What you need to do:
I'd like the entire listing output verbatim, apart from the pictures.

Recorded data:
----

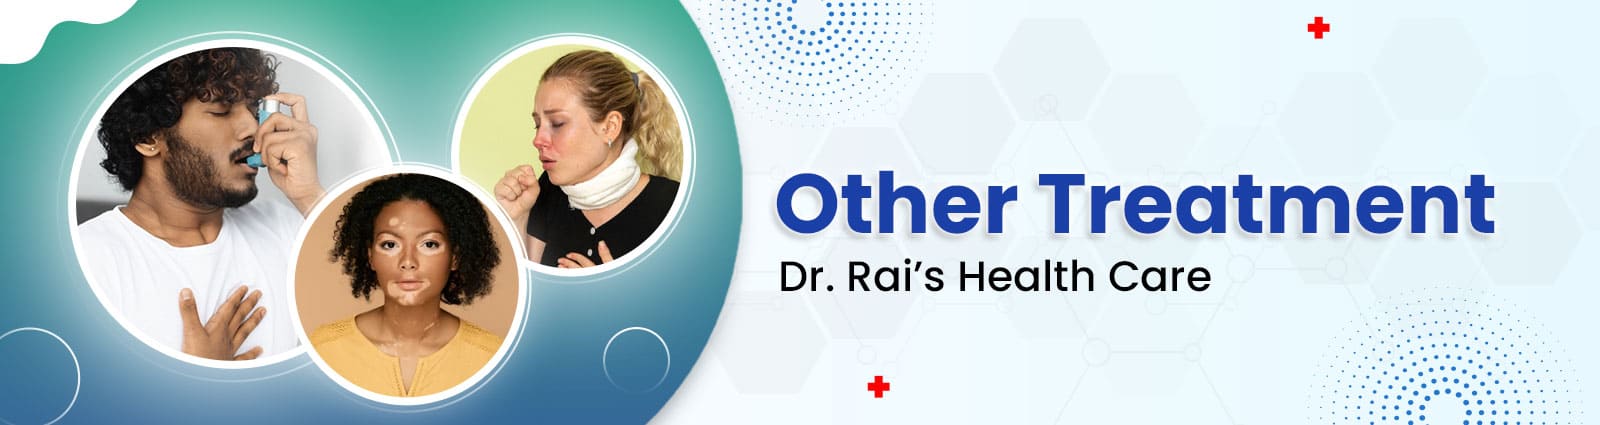 Dr. Rai’s Other Treatment
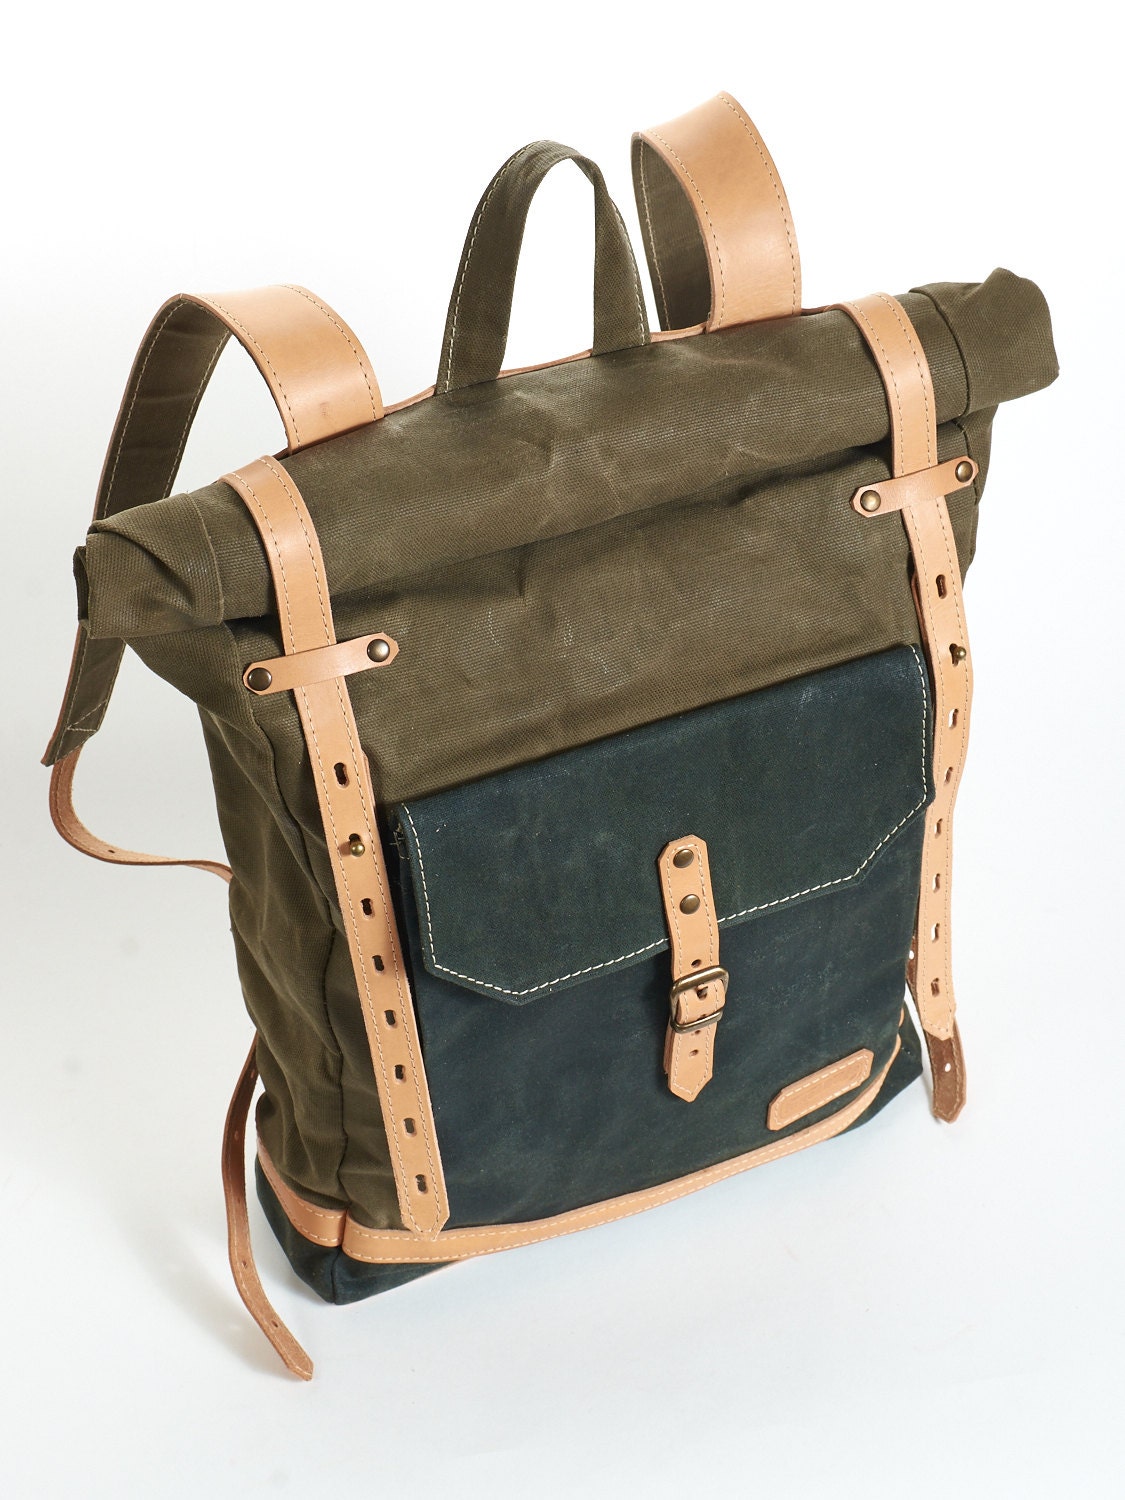 Olive green waxed canvas school backpack. Waxed canvas bag.
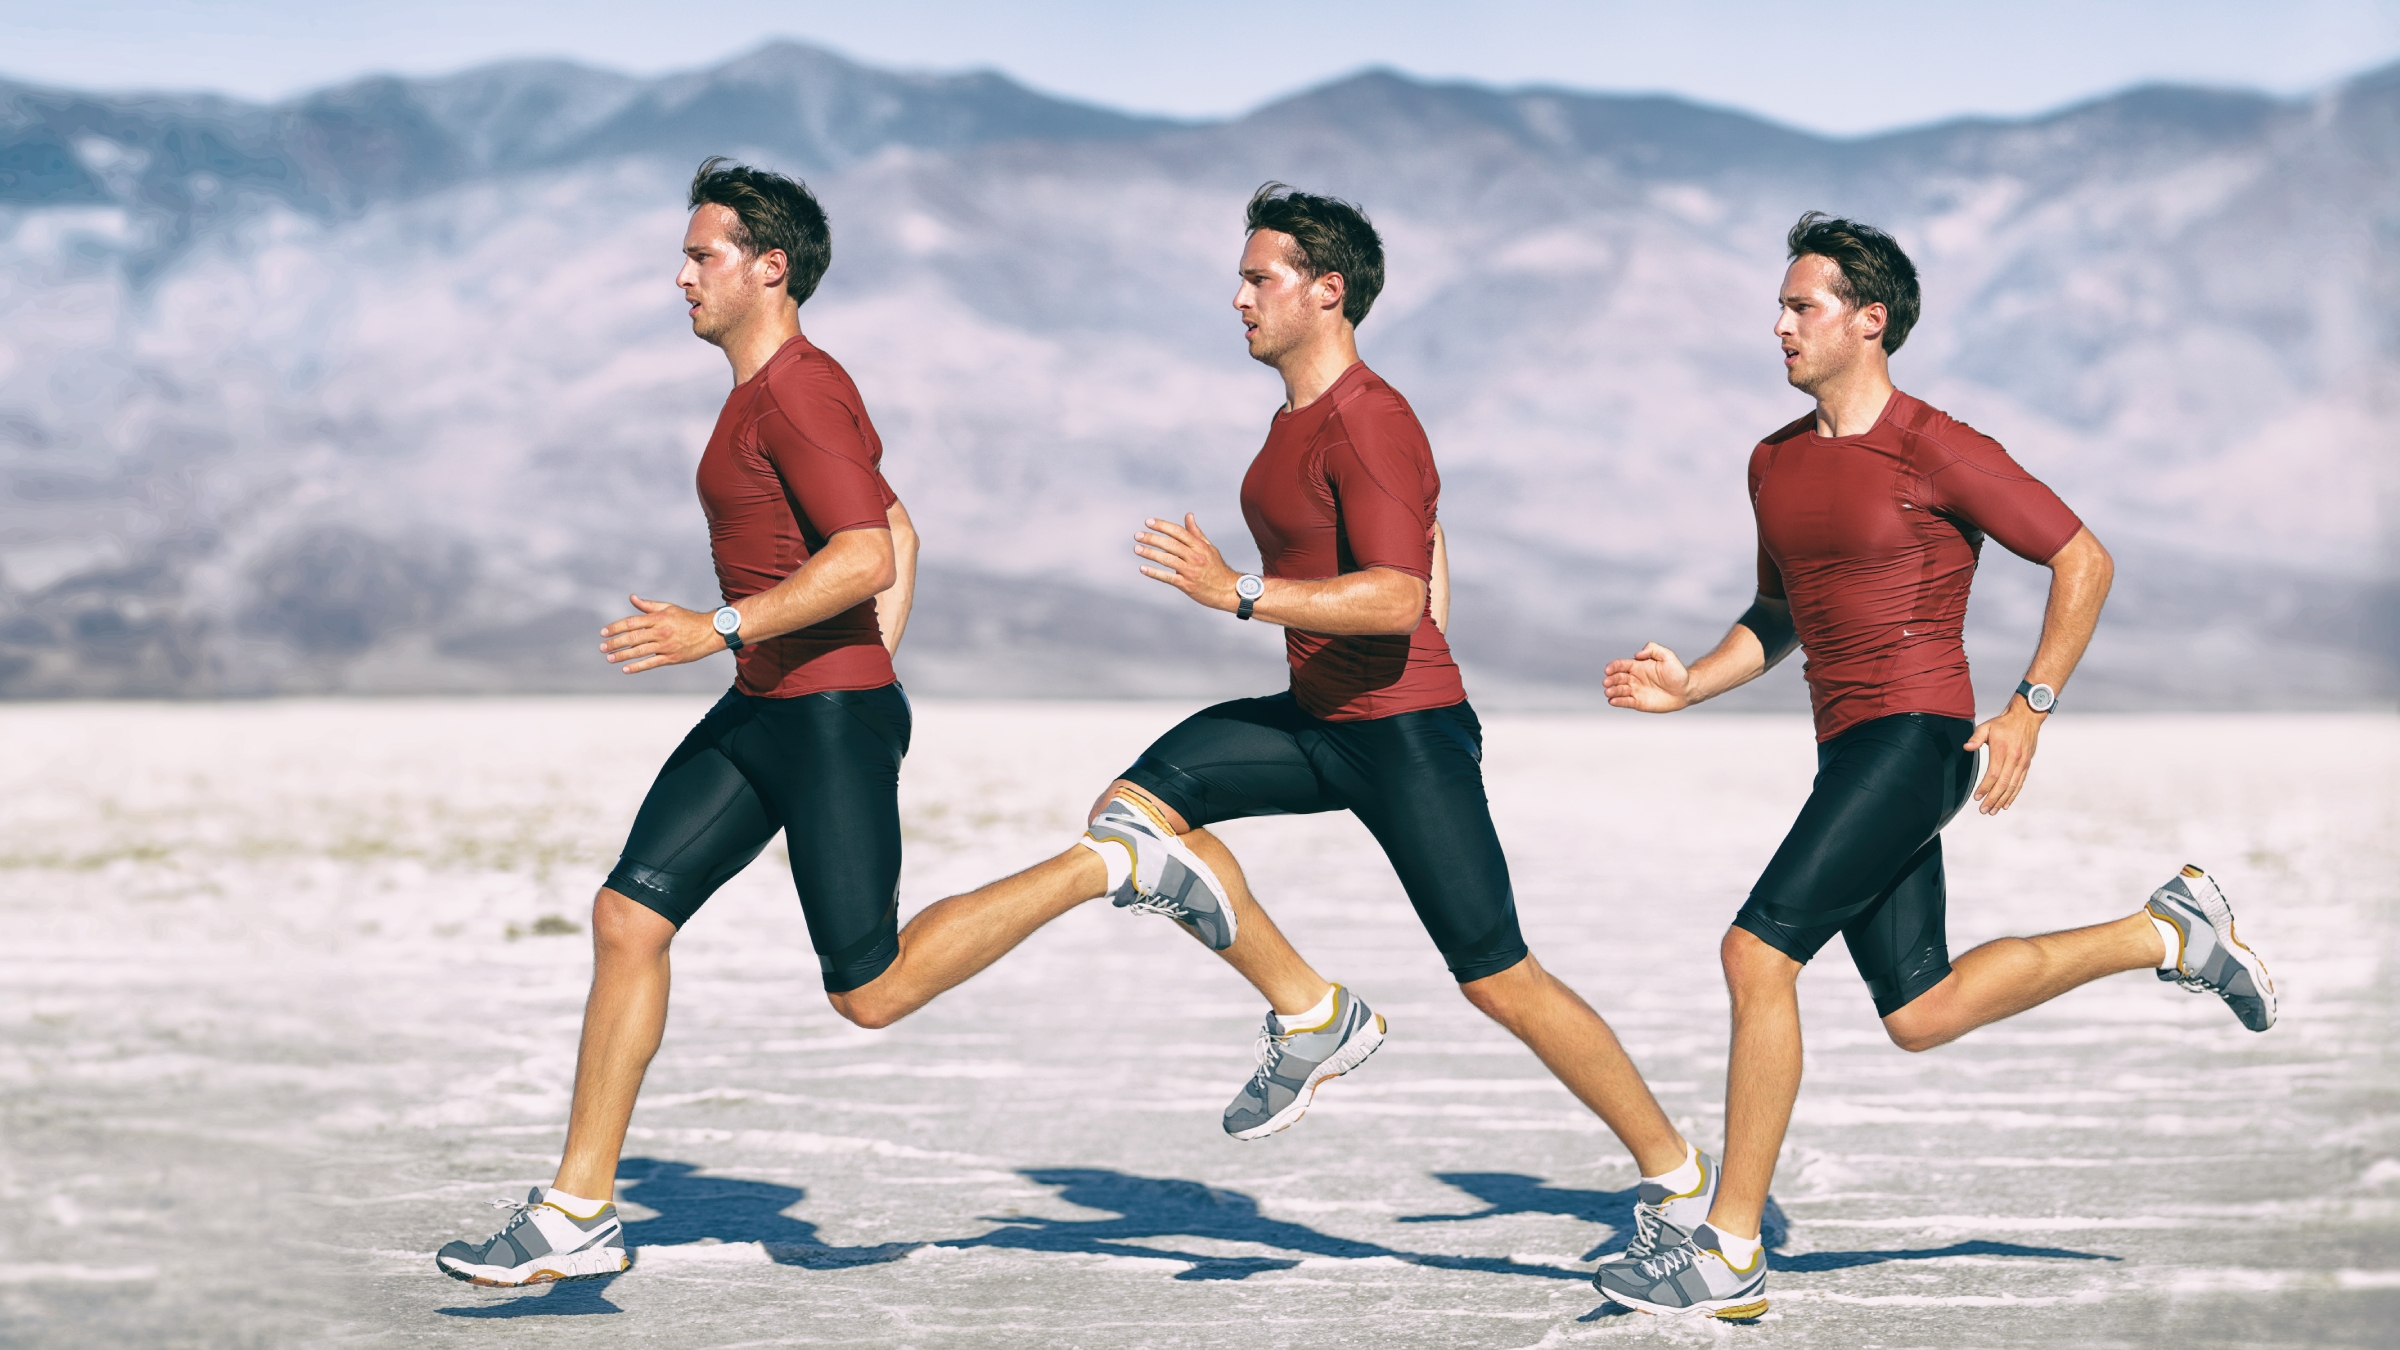 Proper Running Form: 8 Tips to Improve Running Technique
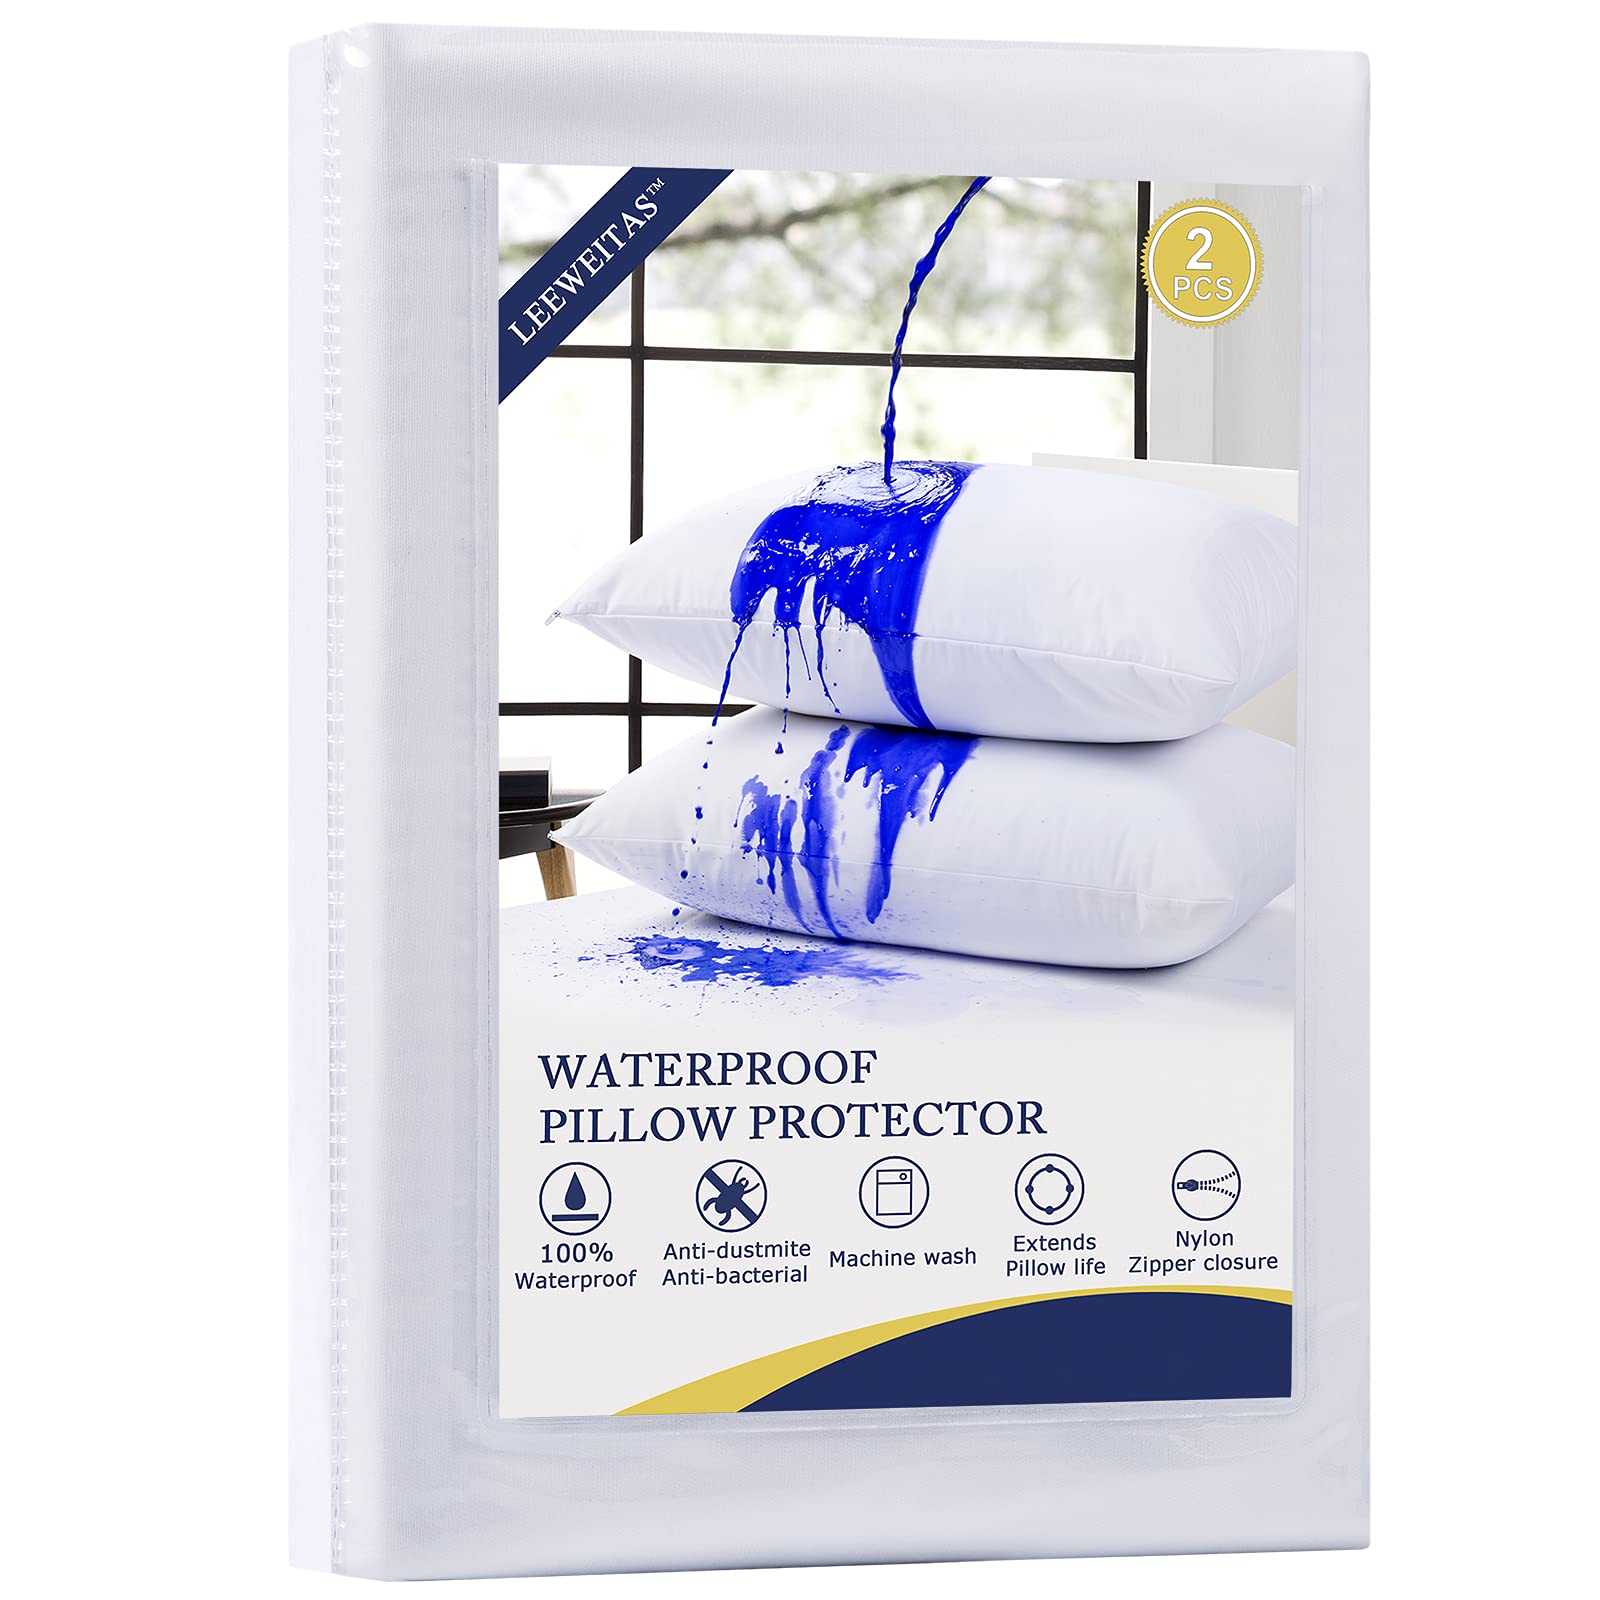 LEEWEITAS Waterproof Pillow Protector-Zipped Pillow Protectors 2 Pack, Pillow Covers Breathable Membrane, 50x75cm Size Pillow Cases.

----

Task result:
 Dr. Rai’s Other Treatment
 Olive green waxed canvas school backpack. Waxed canvas bag.
 Proper Running Form: 8 Tips to Improve Running Technique
 LEEWEITAS Waterproof Pillow Protector-Zipped Pillow Protectors 2 Pack, Pillow Covers Breathable Membrane, 50x75cm Size Pillow Cases.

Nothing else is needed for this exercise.